I disagree with the Family Research Council’s views on gays and lesbians. But it’s absurd to put the group, as the law center does, in the same category as Aryan Nations, Knights of the Ku Klux Klan, Stormfront and the Westboro Baptist Church. The center says the FRC “often makes false claims about the LGBT community based on discredited research and junk science.” Exhibit A in its dossier is a quote by an FRC official from 1999 (!) saying that “gaining access to children has been a long-term goal of the homosexual movement.”
Offensive, certainly. But in the same category as the KKK?
The National Organization for Marriage, which opposes gay marriage, is right to say that the attack “is the clearest sign we’ve seen that labeling pro-marriage groups as ‘hateful’ must end.”

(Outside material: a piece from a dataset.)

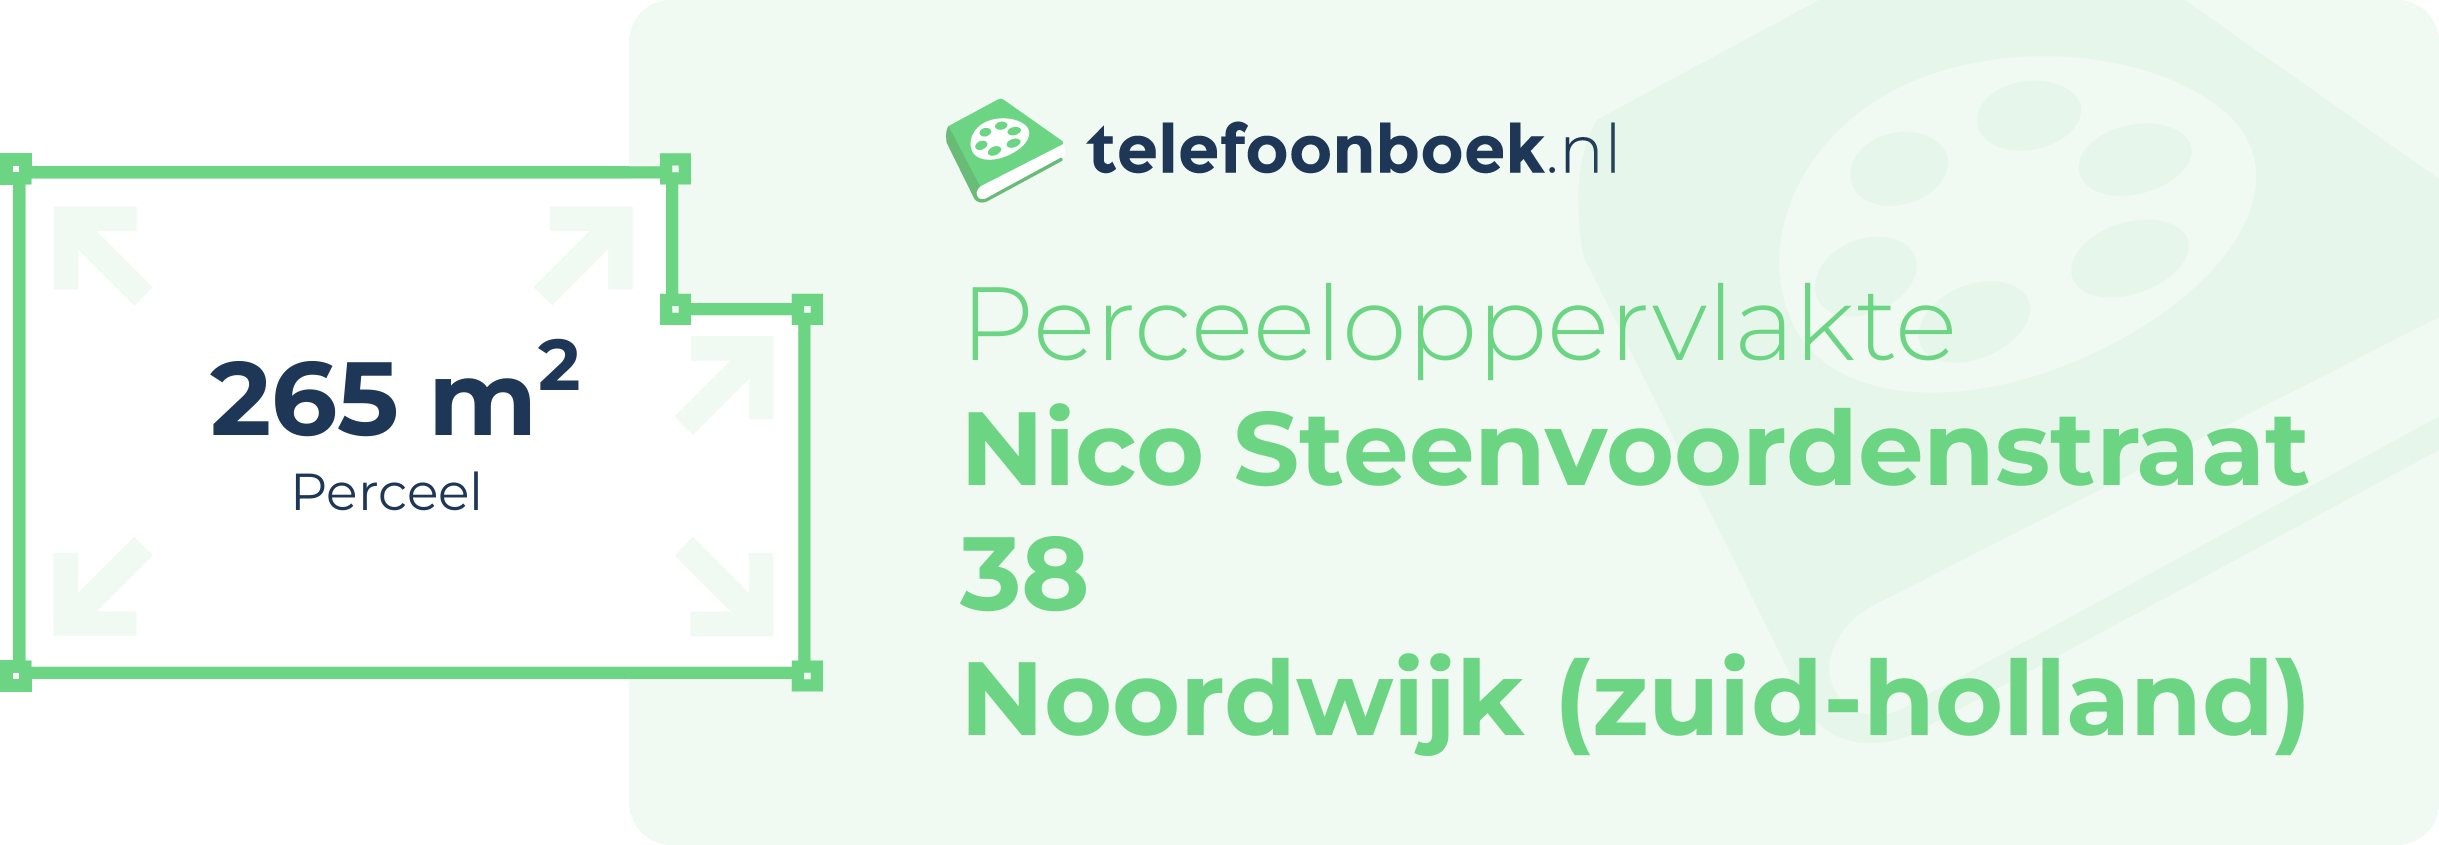 Perceeloppervlakte Nico Steenvoordenstraat 38 Noordwijk (Zuid-Holland)
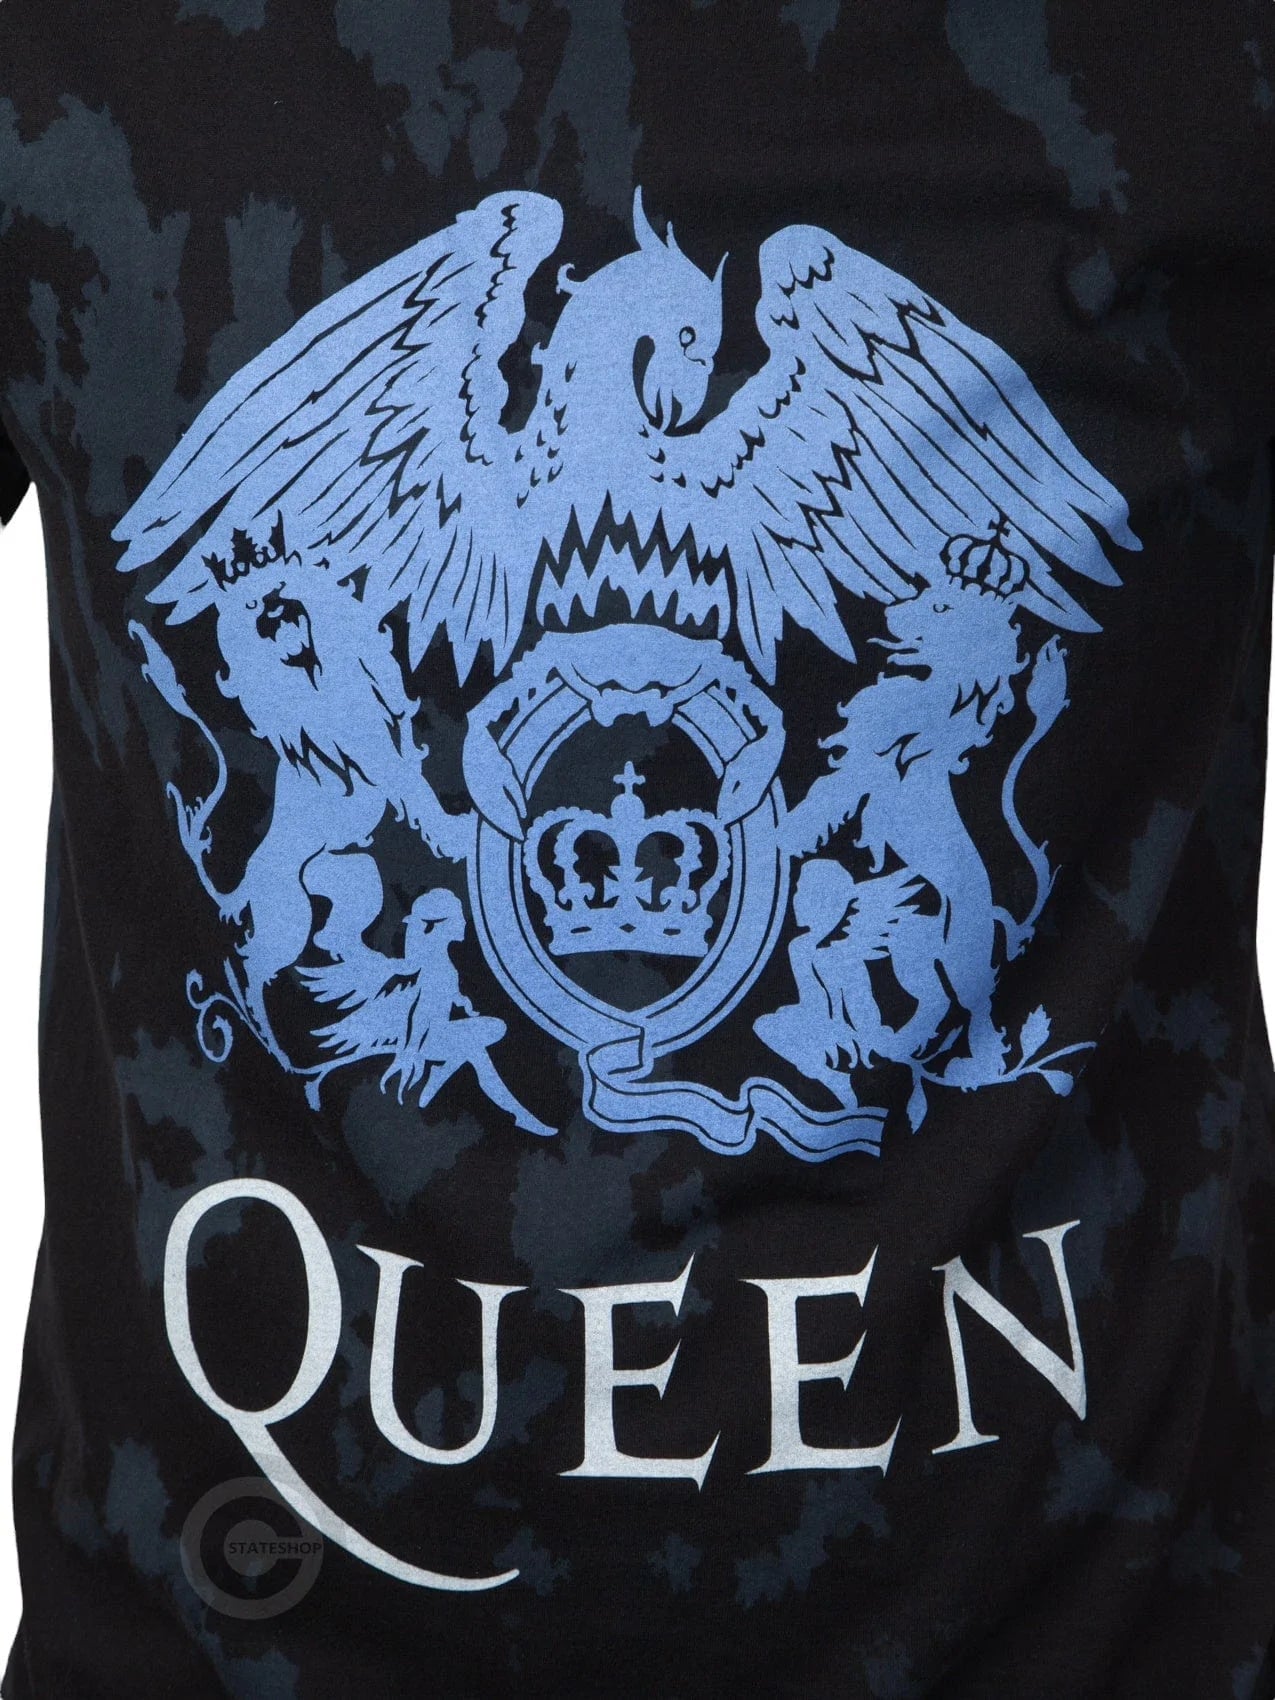 RockstarzT-shirt Queen "Blue Crest" Dip Dye, Black

The Family Research Council’s president, Tony Perkins, said Thursday that “Corkins was given a license to shoot an unarmed man by organizations like the Southern Poverty Law Center.” This goes too far. Nobody gave Corkins a license to kill. But at the same time, “hate,” a strong word, has been used too loosely — whether it’s Mitt Romney telling President Obama to take his “campaign of division and anger and hate back to Chicago,” or the Southern Poverty Law Center lumping a Christian policy group in with hooded bigots.